Expansion and improvements are always in the works at Boyne Mountain, as evidenced by openings of the Mountain Grand Lodge, Solace Spa and the Avalanche Bay water park in May 2005. Next up is Helga House.
“We’re always looking at improving what we’ve got,” says Grice. “[Helga House is] going to be our teaching center for children; not only ski school, but an adventure camp for children in summer.”
Grice’s philosophy about working at Boyne is simple:
“We’re here as caretakers; we need to make it better for the next generation, the people who take over, also for our customers. We need to continue to improve, meet goals, set new goals so people can continue to enjoy Boyne for generations.”

MICHIGAN’S CHALLENGES
El Niño’s effect on the country’s weather has proved challenging for a ski resort these last 10 years. “We’ve had a kind of a one-two punch,” says Grice, referring to the economic downturns combined with Michigan’s unreliable weather patterns. “We’ve also had some very unfavorable winters of trying to do business in the state of Michigan.” But Grice is confident that Boyne Resorts continue to satisfy.

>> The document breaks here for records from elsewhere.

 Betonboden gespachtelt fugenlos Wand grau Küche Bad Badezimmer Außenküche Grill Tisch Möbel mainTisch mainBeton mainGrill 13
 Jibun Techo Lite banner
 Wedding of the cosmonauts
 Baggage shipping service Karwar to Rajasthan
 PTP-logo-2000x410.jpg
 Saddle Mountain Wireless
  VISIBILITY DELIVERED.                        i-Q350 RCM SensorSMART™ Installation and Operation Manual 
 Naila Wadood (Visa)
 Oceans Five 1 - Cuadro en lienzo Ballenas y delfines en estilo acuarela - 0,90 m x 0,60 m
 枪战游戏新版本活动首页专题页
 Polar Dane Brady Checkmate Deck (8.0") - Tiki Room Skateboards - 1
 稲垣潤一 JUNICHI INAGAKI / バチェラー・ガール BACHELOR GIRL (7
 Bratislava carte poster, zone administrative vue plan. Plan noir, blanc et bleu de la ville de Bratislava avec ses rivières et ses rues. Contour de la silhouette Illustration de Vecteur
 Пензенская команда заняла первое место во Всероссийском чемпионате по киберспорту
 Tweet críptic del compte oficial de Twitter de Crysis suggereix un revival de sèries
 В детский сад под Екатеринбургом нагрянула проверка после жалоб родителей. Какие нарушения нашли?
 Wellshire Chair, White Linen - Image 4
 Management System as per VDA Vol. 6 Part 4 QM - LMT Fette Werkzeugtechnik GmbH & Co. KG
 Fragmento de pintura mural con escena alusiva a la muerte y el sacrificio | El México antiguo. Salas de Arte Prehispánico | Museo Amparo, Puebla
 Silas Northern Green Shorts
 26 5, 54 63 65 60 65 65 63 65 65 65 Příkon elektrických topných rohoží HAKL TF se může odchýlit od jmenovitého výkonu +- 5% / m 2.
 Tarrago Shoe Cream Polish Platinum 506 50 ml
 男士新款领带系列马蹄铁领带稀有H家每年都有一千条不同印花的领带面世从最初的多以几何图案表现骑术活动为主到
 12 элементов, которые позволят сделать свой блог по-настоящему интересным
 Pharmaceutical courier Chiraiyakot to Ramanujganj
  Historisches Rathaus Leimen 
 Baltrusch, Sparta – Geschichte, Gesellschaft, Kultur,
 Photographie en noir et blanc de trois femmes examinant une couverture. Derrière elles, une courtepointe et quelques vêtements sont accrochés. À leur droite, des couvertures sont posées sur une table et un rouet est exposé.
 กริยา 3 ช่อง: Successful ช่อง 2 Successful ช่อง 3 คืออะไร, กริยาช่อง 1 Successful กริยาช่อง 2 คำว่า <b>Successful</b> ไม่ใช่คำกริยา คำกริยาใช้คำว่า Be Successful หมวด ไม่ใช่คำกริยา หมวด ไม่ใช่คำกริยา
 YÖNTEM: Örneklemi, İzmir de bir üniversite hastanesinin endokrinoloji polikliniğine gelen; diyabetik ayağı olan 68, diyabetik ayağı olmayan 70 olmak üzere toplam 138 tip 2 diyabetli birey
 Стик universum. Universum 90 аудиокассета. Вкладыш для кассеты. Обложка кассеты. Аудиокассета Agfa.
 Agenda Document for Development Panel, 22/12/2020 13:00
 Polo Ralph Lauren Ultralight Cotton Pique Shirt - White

“In spite of the economy we’re still having a very good year; we see that as continuing,” says Grice. “We always see opportunities for another chair lift here or ski run there or condo here; we think that we’re pointed in the right direction, and our customer base – by how popular we are – is telling us that.”
“Boyne is the total experience, in our minds,” says Grice. “We have our tag line for Boyne, ‘What are you up for?’ and that can be skiing, golf, the water park at Avalanche Bay – Michigan’s largest indoor water park – Solace Spa, hiking, biking, après-ski nightlife. There’s something for everybody here; that’s been our goal, and we’ve been achieving that.”